Task to complete:
The response should contain all of the data below, reproduced exactly, and no pictures.

Dataset section:
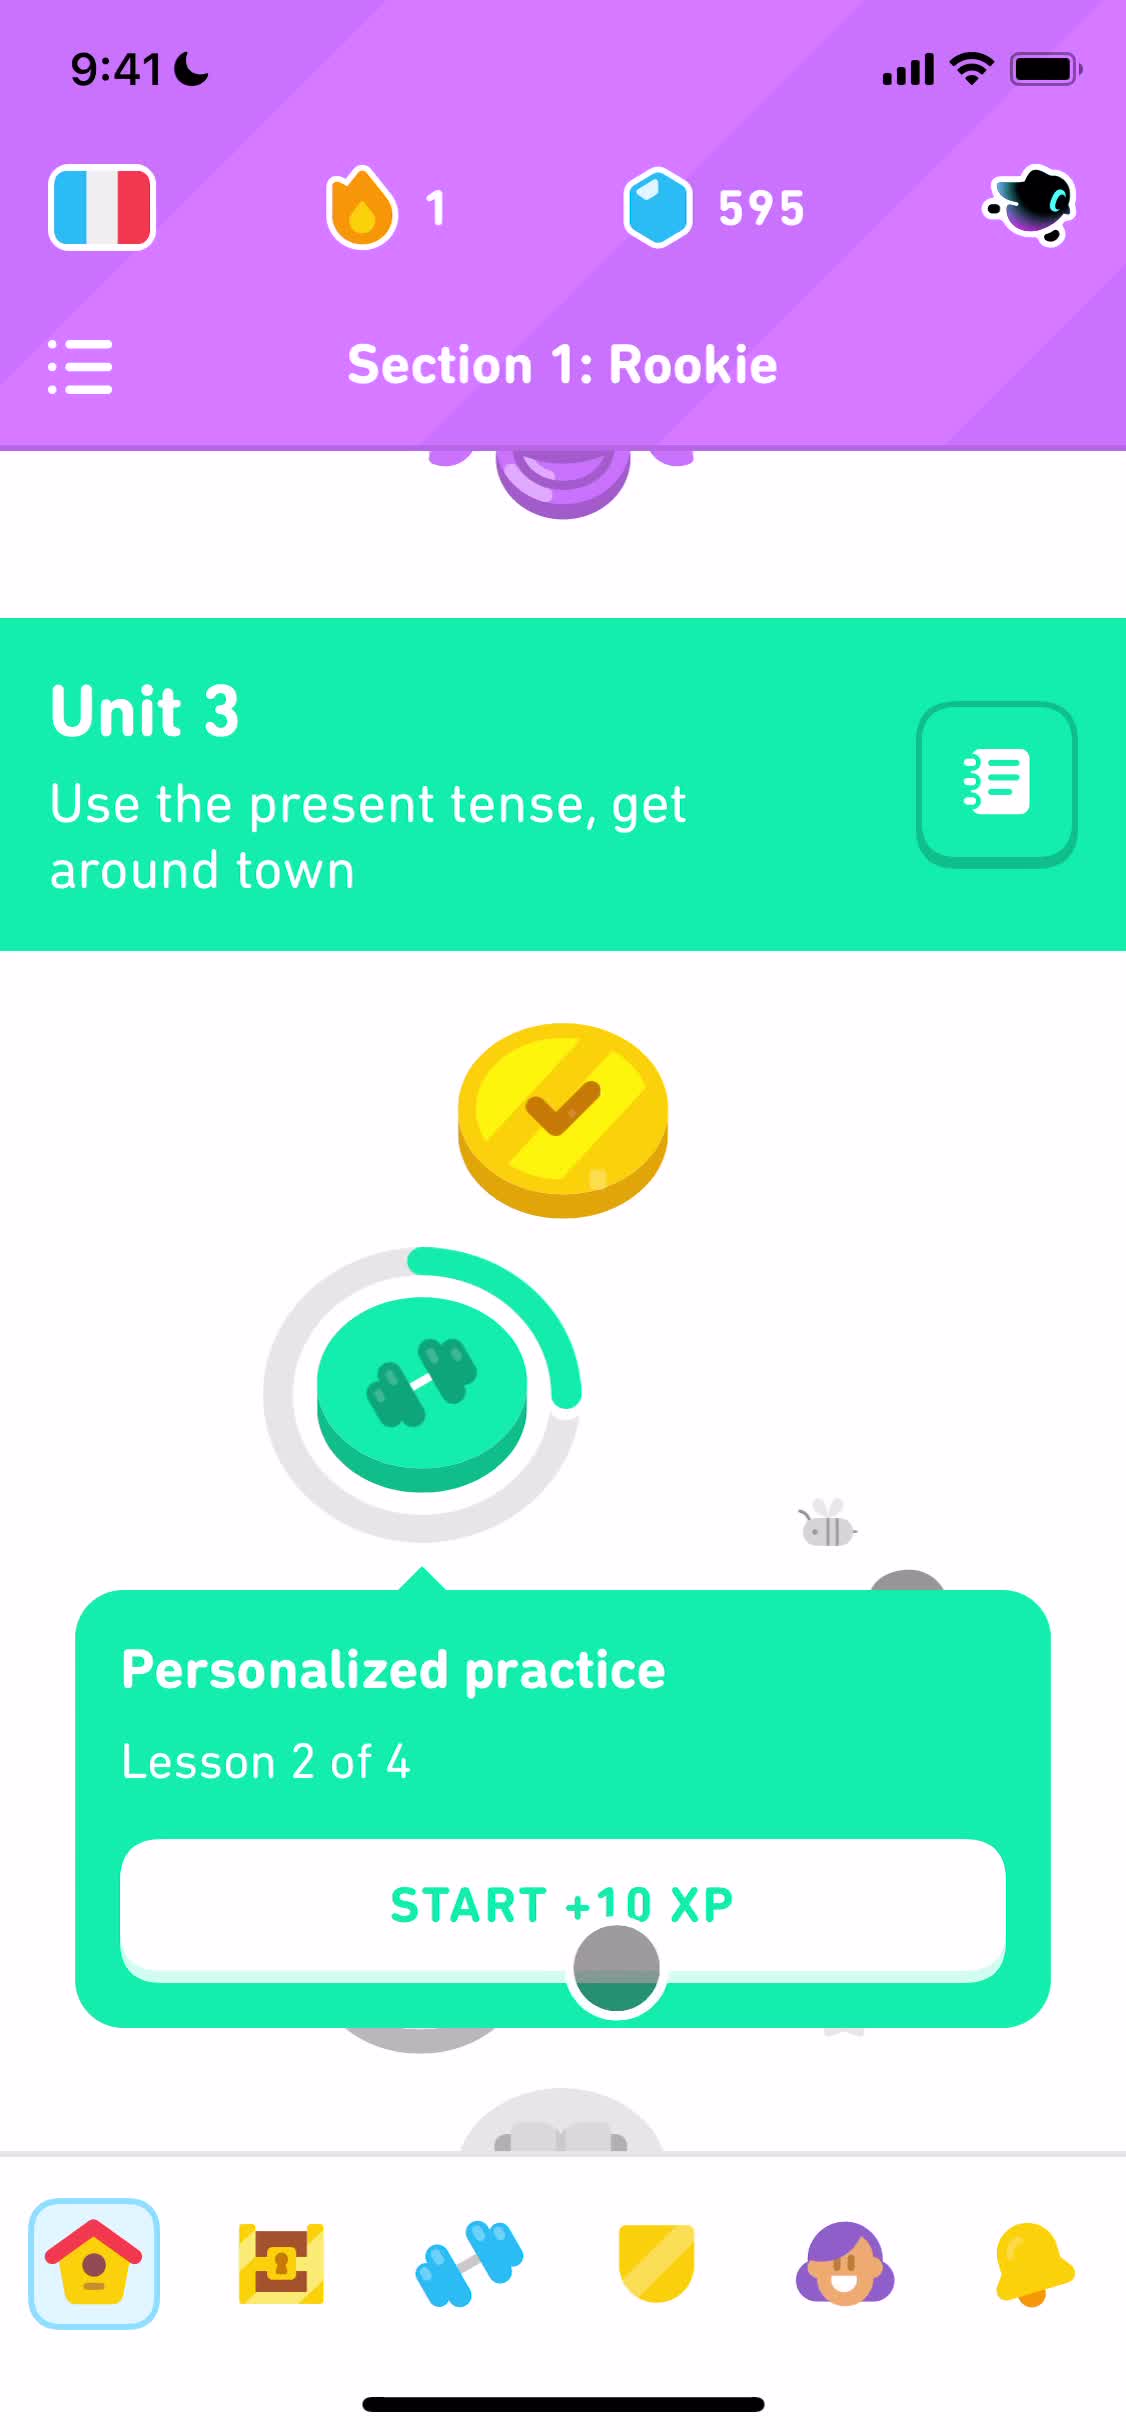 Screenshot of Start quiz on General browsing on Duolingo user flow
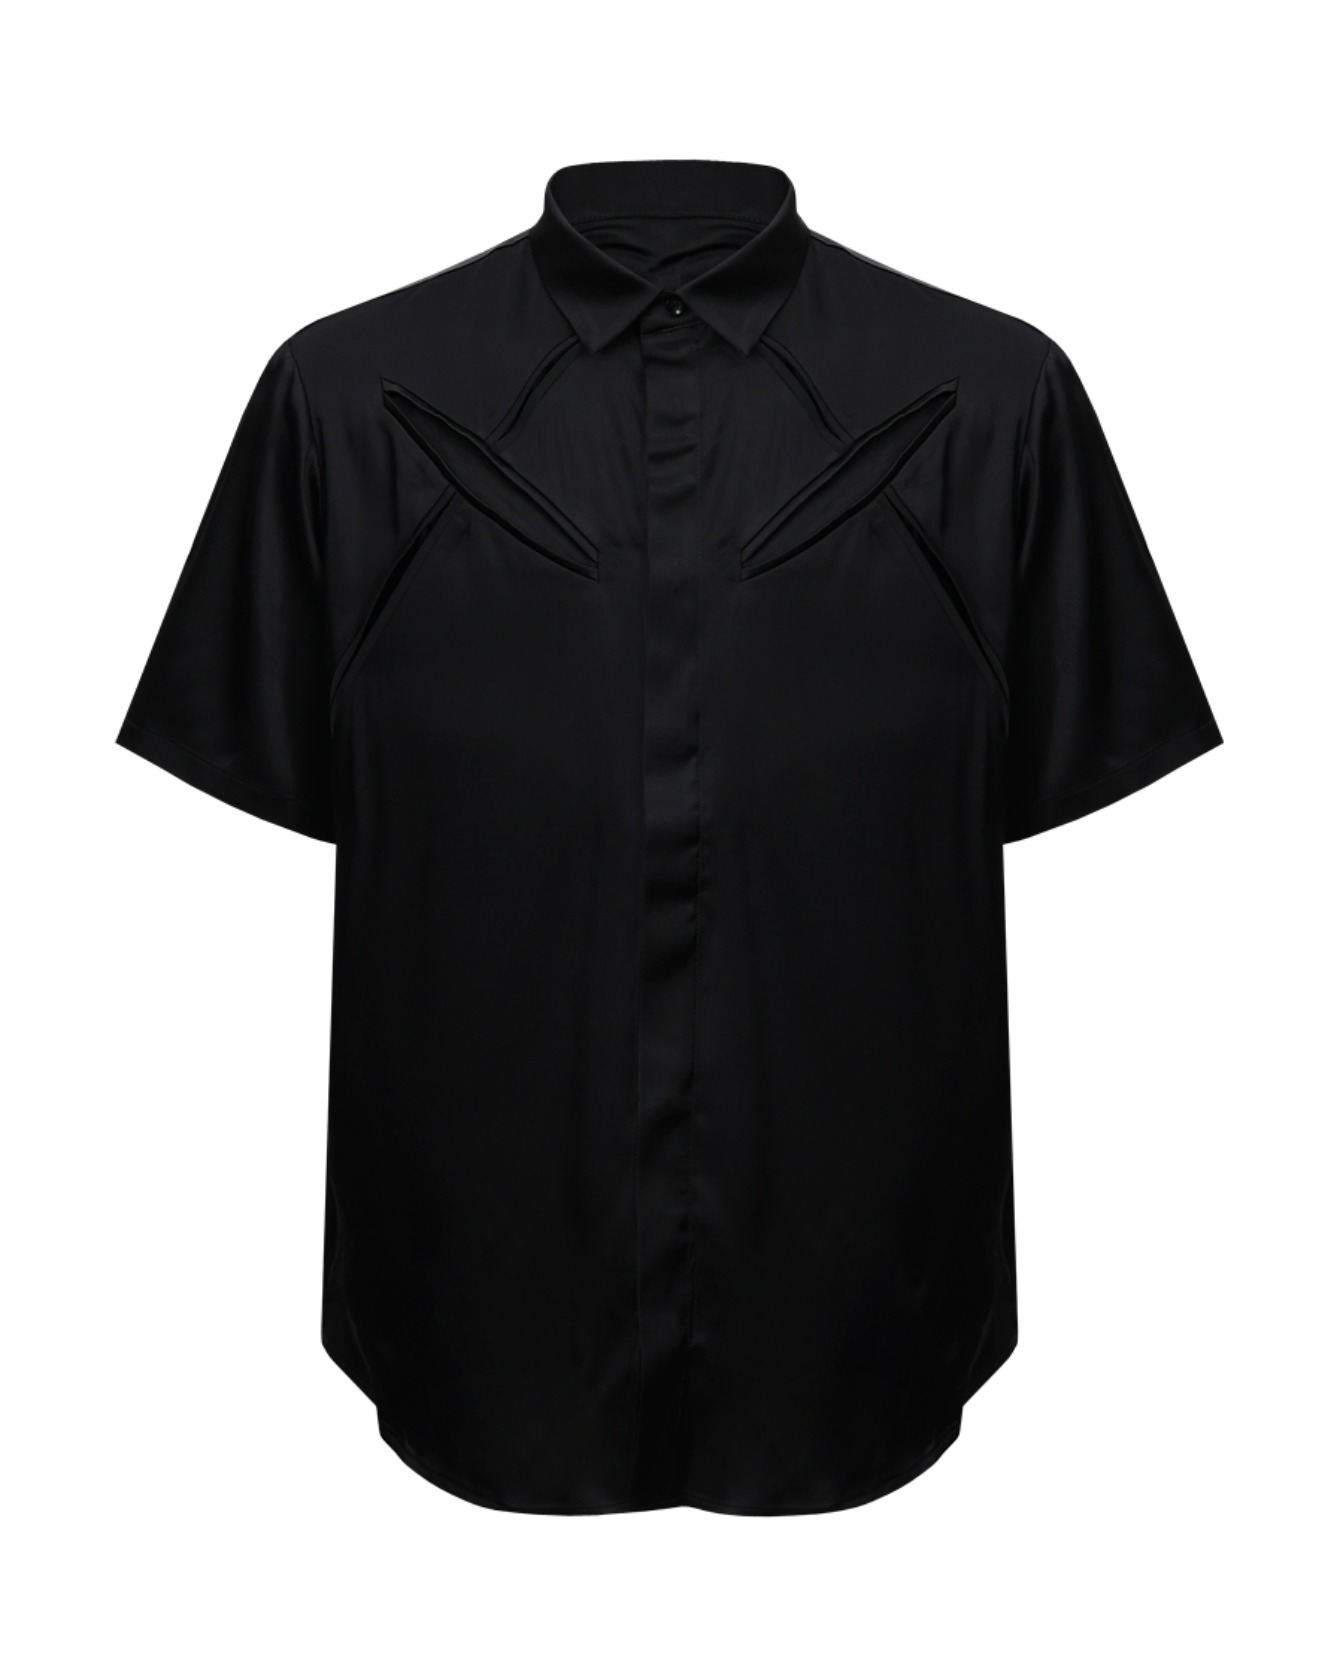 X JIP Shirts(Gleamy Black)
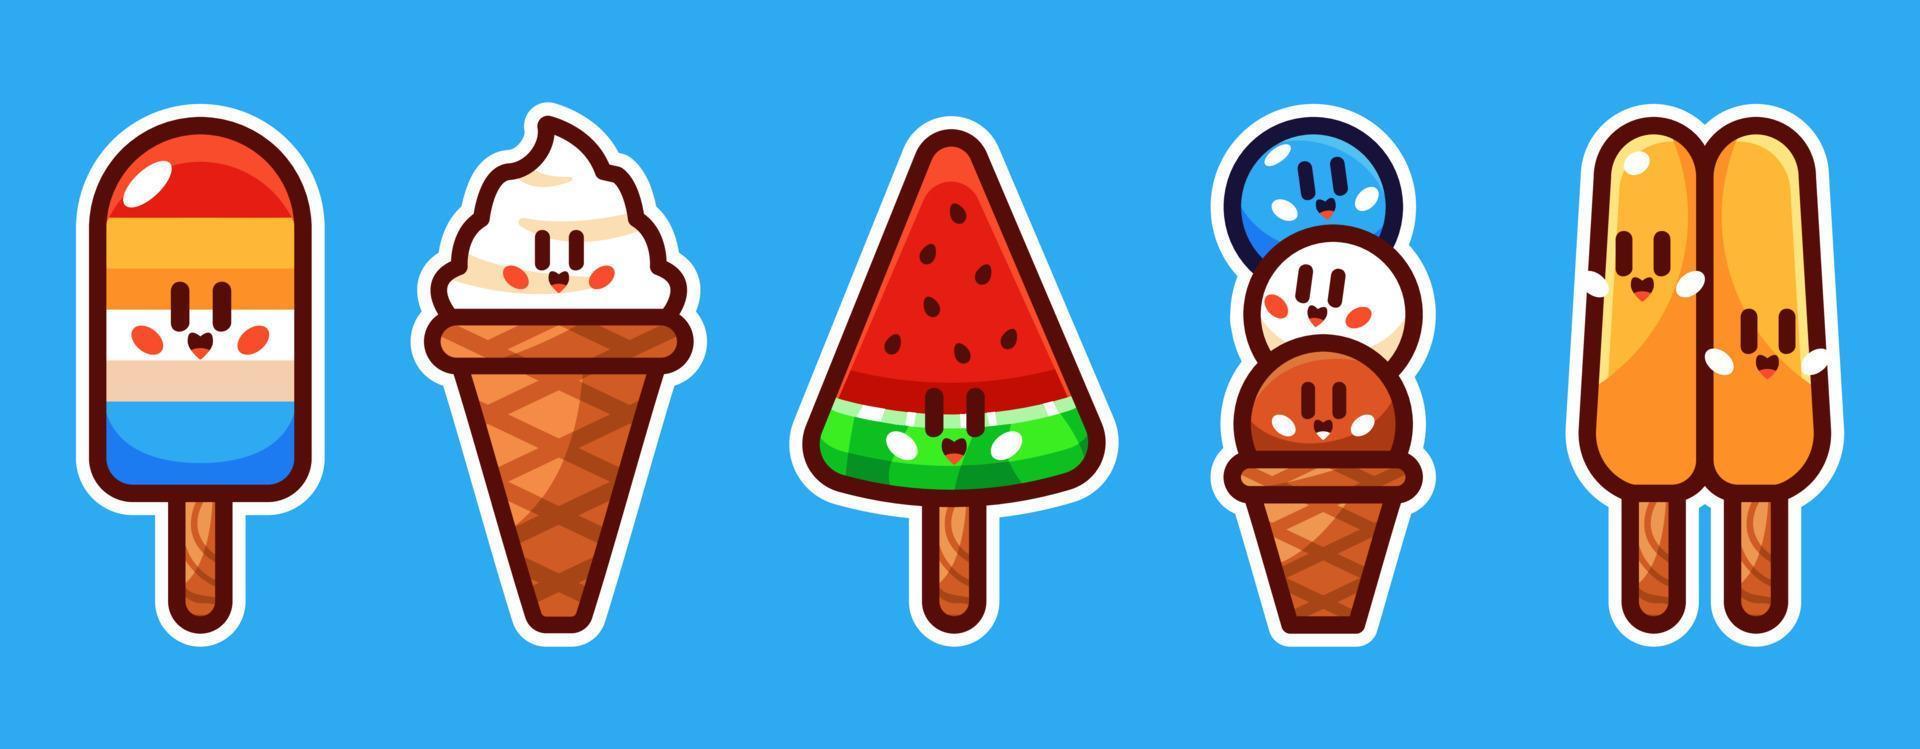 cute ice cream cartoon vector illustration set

Solution to this problem:
 Screenshot of Start quiz on General browsing on Duolingo user flow
 X JIP Shirts(Gleamy Black)
 cute ice cream cartoon vector illustration set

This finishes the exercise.